## Task item:
Output the data below exactly, without images.

## Collected data:
--- START ---
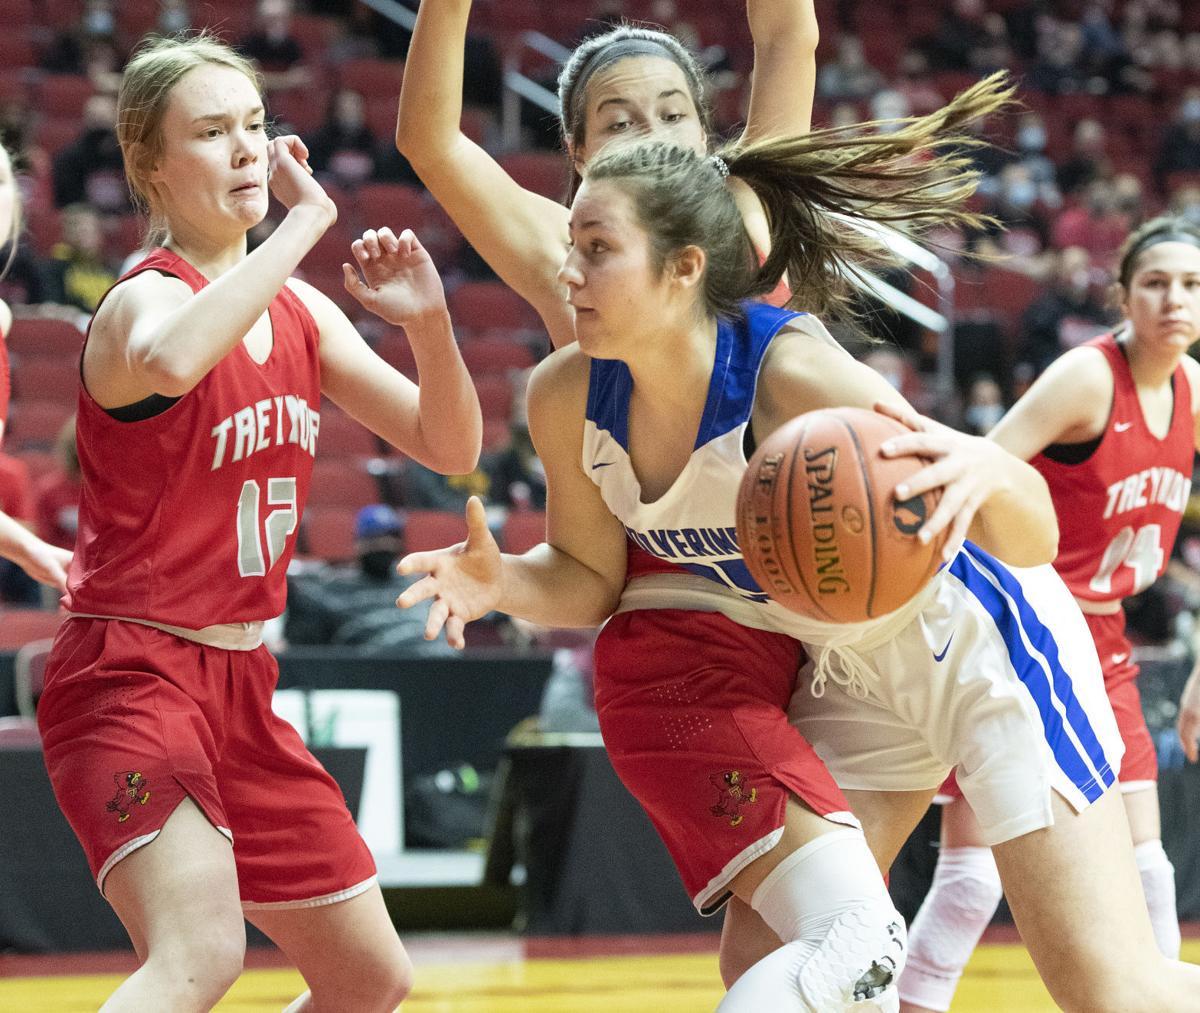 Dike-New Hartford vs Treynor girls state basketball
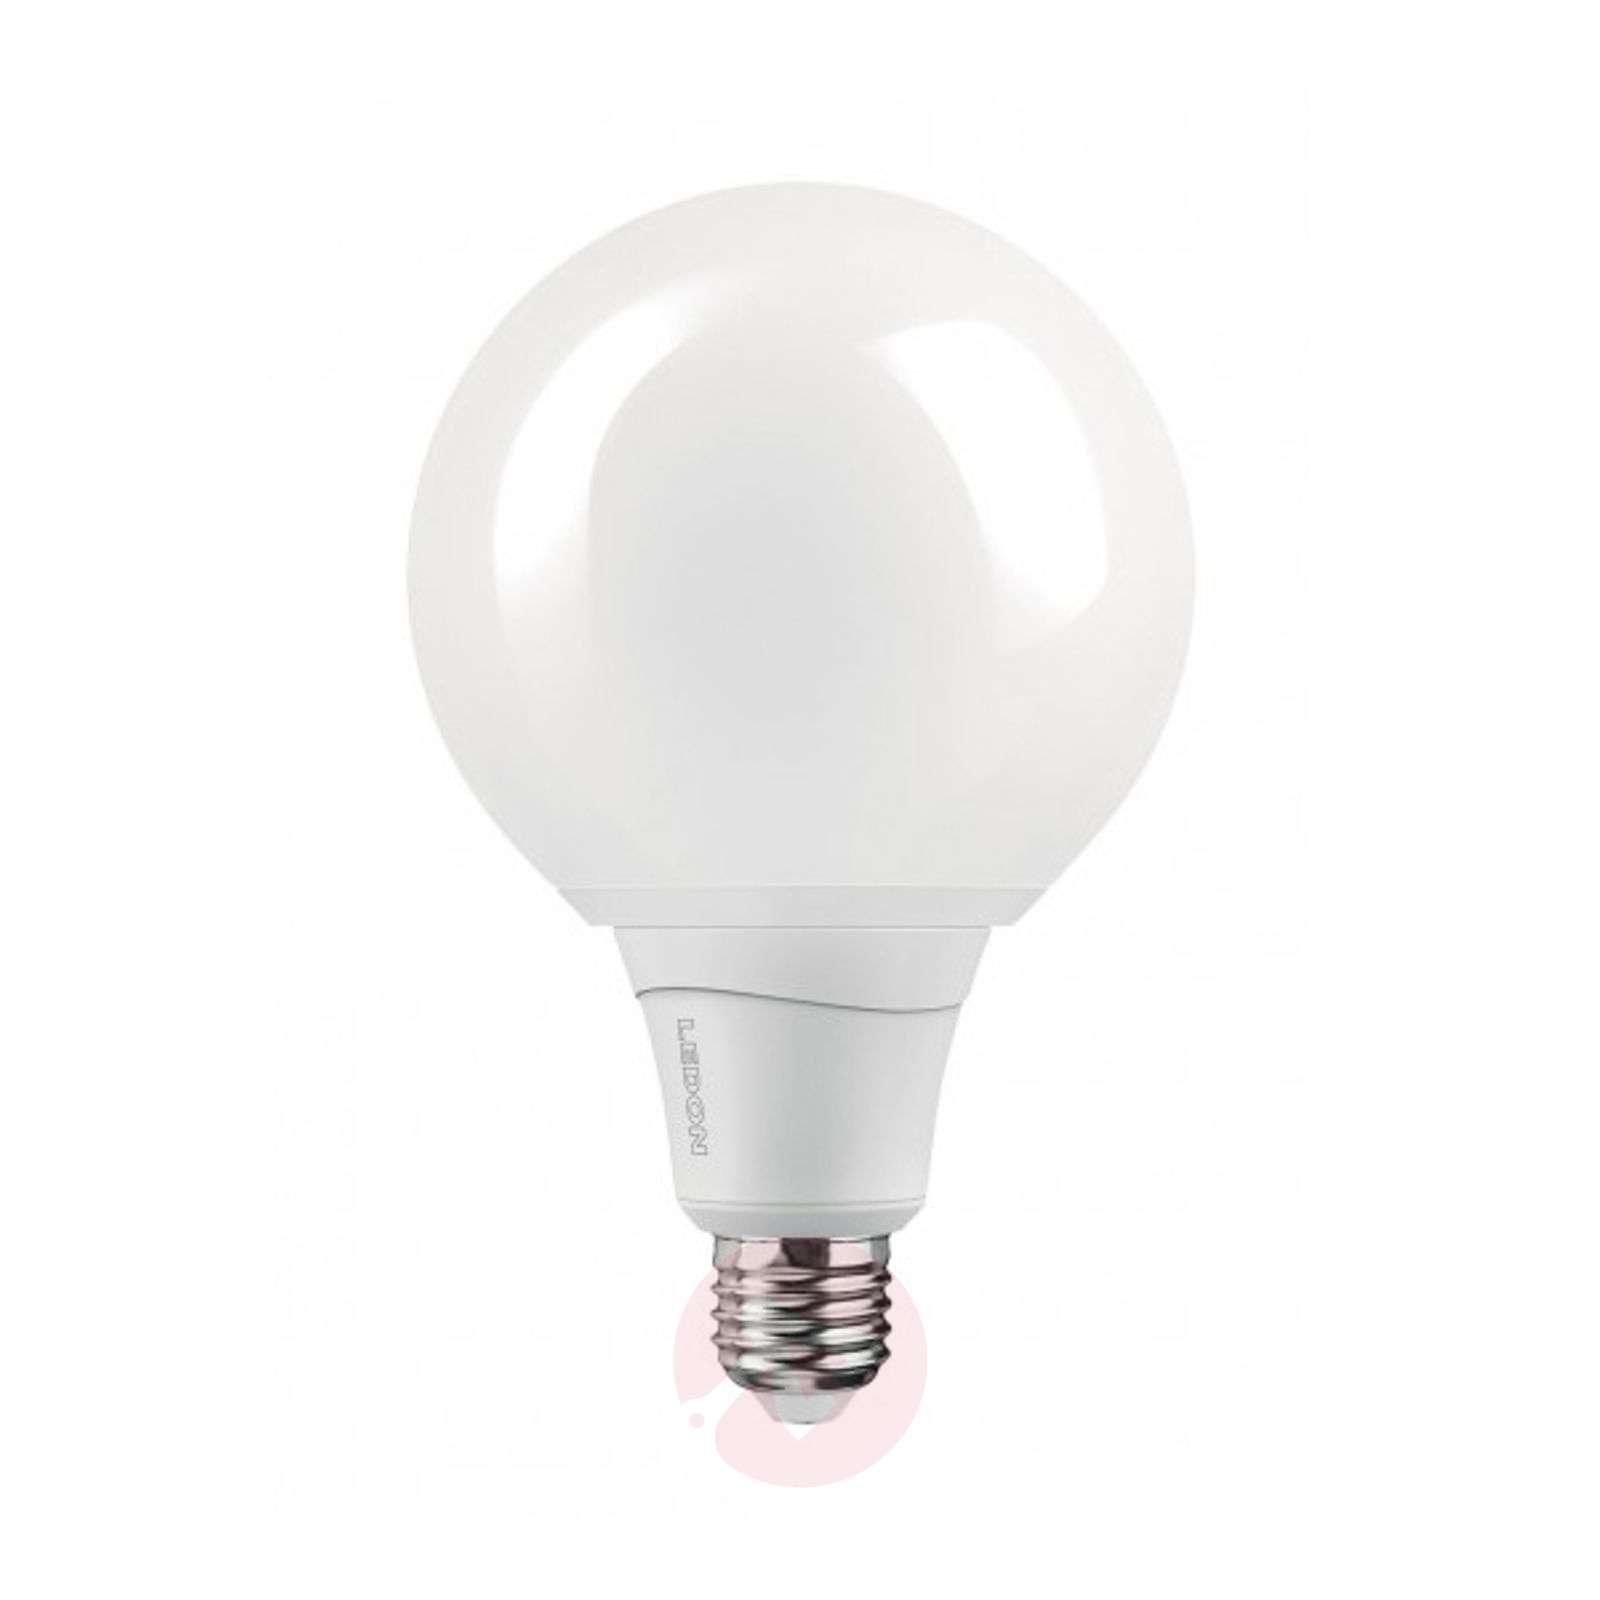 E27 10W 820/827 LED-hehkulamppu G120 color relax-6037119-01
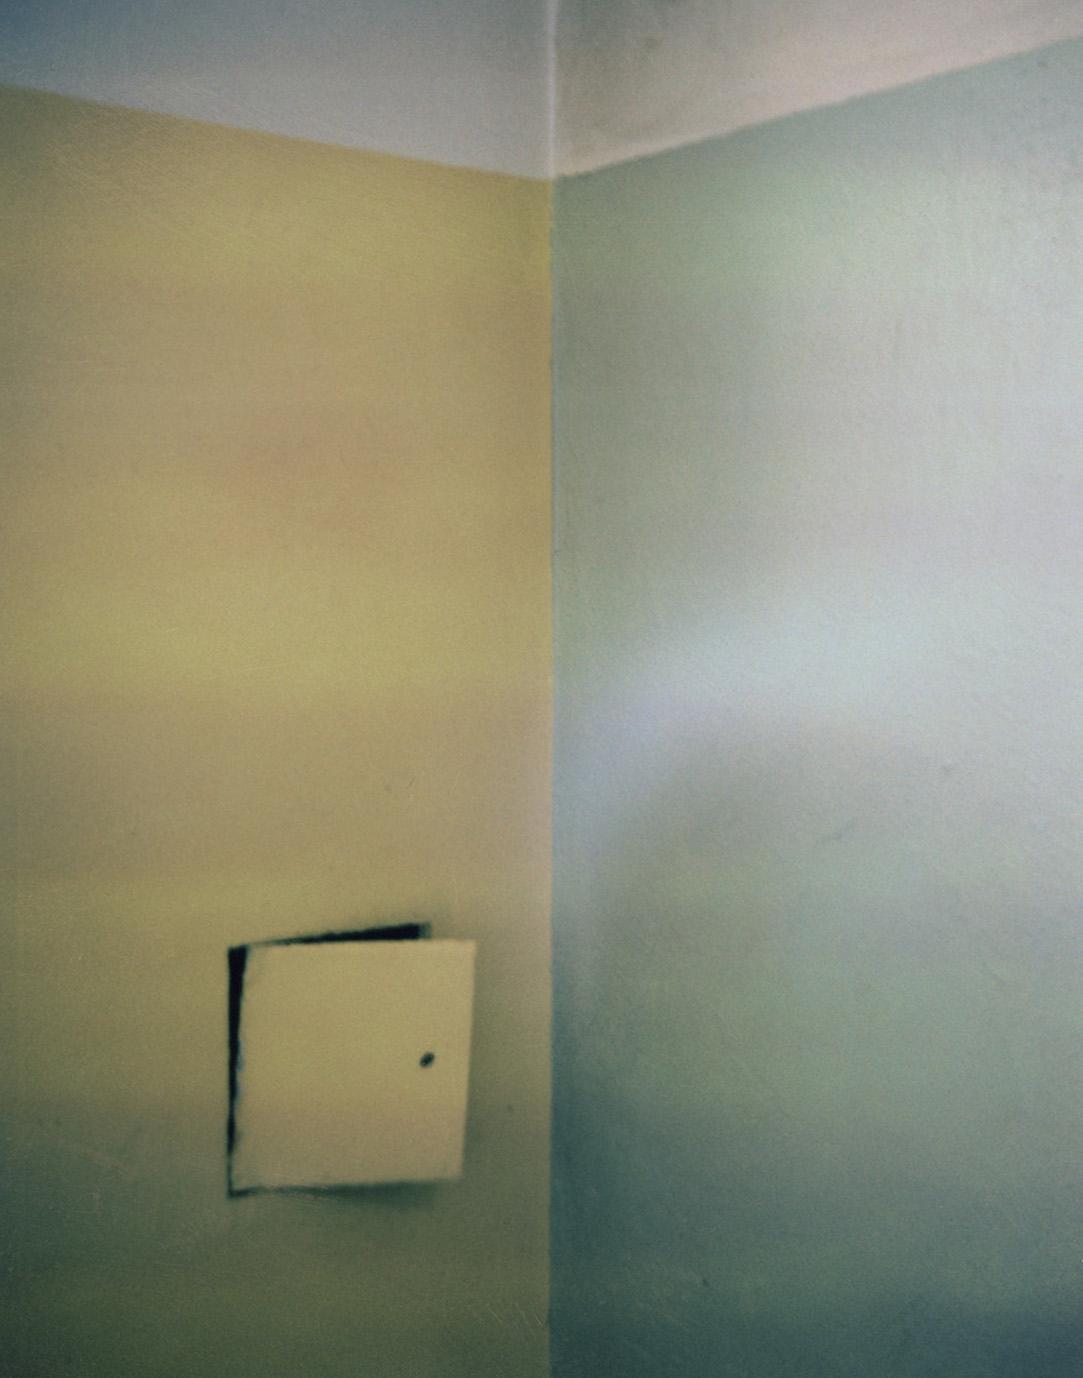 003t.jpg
--- END ---
## Answer section:
 Dike-New Hartford vs Treynor girls state basketball
 E27 10W 820/827 LED-hehkulamppu G120 color relax-6037119-01
 003t.jpg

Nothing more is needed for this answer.